Caustic soda (sodium hydroxide) is the most widely used and available alkaline material. Most caustic soda is produced as a co-product in the production of chlorine by the electrolysis of sodium chloride. The caustic solution is concentrated in a series of evaporators. The presence of chlorides and sodium chlorate also add to the corrosiveness of the process.

Caustic soda is generally supplied in concentrations of 50%, 73% or anhydrous. The largest consumer of caustic soda is the chemical process industry, but it is also widely used in the pulp and paper industry and in the aluminum industry.

Depending on concentration, temperature and impurities, a wide range of alloys may be considered for use in caustic service. Increasing nickel content improves the resistance of stainless and nickel alloys to caustic. Commercially pure nickel alloys 200 and 201 are the most resistant to caustic corrosion and are widely used. Pure nickel alloys also appear to be immune to caustic embrittlement. Figure 1 illustrates the general corrosion resistance of these two nickel alloys. Nickel chromium alloys such as Alloy 600 also exhibit very useful resistance. Alloy 600 can suffer from caustic cracking under severe conditions, such as 50% caustic at temperatures above 300° C, in air. Under oxygen free conditions, no cracking occurs.

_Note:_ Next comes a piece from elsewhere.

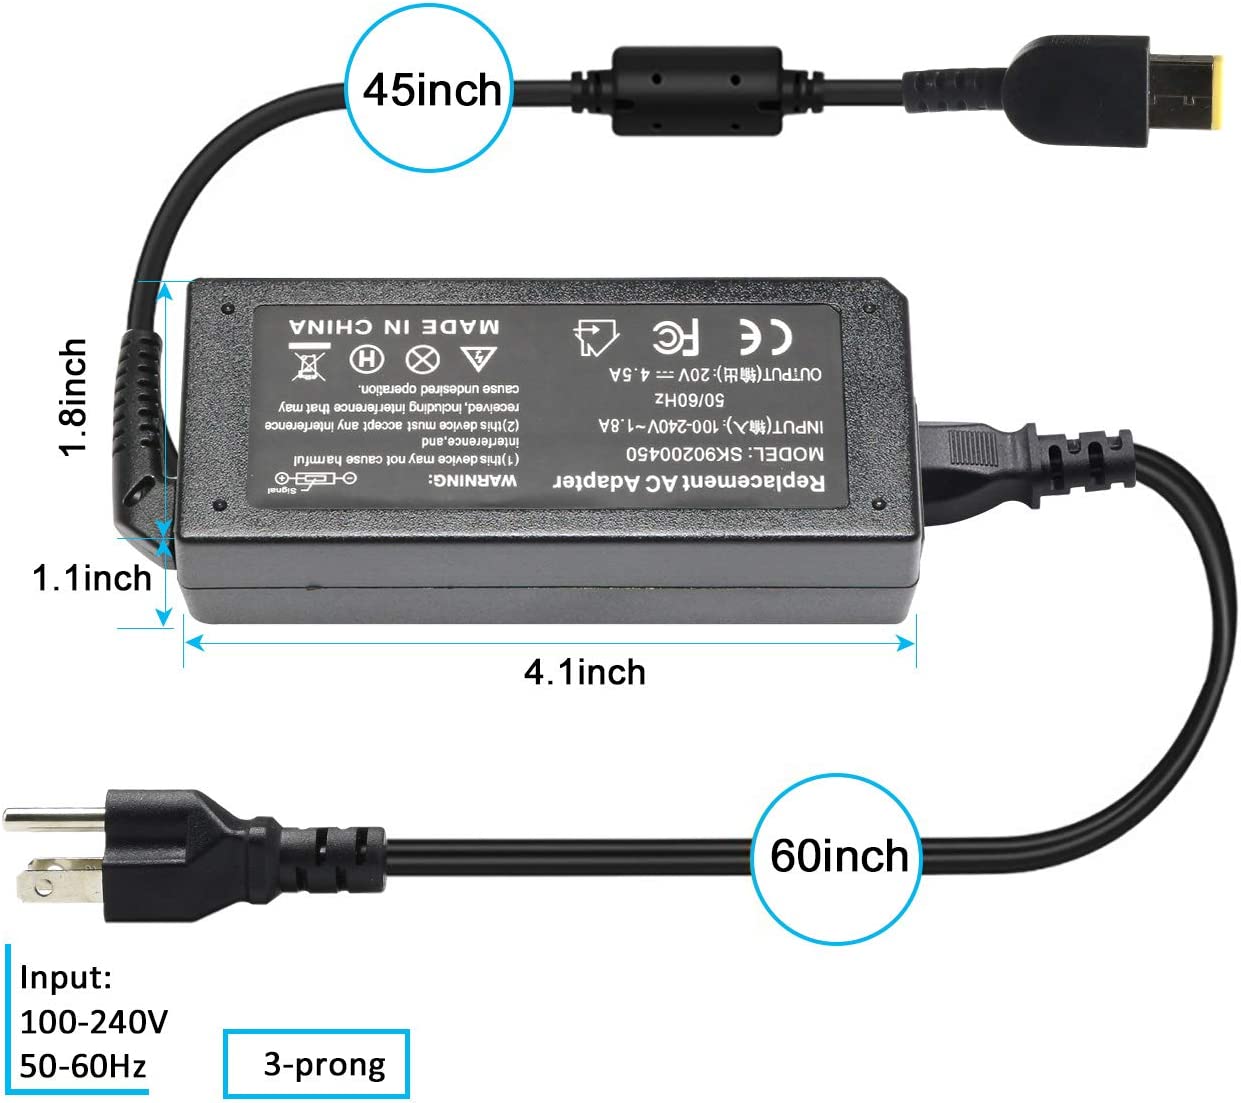 90W USB Laptop Adapter Charger for Lenovo Thinkpad X1 Carbon T440 T440S  T440p T540p T450s T550 L440 L450 L460 L470 X250

The resistance of copper and copper nickel alloys is fundamentally a function of how much nickel they contain. The copper base alloys do offer resistance at moderate temperatures in the 25% to 73% range, but are generally not used because copper contamination of the product is undesirable. In addition, chlorate and hypochlorite contamination is detrimental to their performance. The nickel copper alloys 400 and K500 are resistant to caustic environments, approaching the resistance of Nickel 200. Under very high stress and elevated temperatures these materials can suffer from caustic cracking.

Cast iron or steel are adequate for low temperature use, particularly if iron contamination of the product is not an issue. At elevated temperature, steel alloys can be susceptible to caustic embrittlement and excessive corrosion. Stress relief of fabrications and welds can extend the range of useful service conditions. Stainless steels have useful general corrosion resistance in a broad range of conditions, but are also sensitive to caustic stress corrosion cracking (CSCC) at temperatures above about 200° F. Figure 2 illustrates the resistance of 300 series stainless steels in pure caustic. There is little difference in the general corrosion resistance of alloys like 304316 and 310 provided they are in the solution annealed condition.

More highly alloyed stainless steels, like the 6% molybdenum AL-6XN® Alloy also offer useful resistance to caustic environments. Testing of AL-6XN alloy in simulated caustic evaporator solutions containing 43% sodium hydroxide in the presence of sodium chlorate and sodium chloride at up to 190° C resulted in rates just slightly above those of Alloy 200. No stress cracking was observed. Other higher nickel stainless alloys like Alloy 20800 and 825 also resist caustic corrosion and caustic cracking better than the 300 series stainless steels. These alloys can be candidates for service in caustic exposure when corrosion from cooling waters is a concern.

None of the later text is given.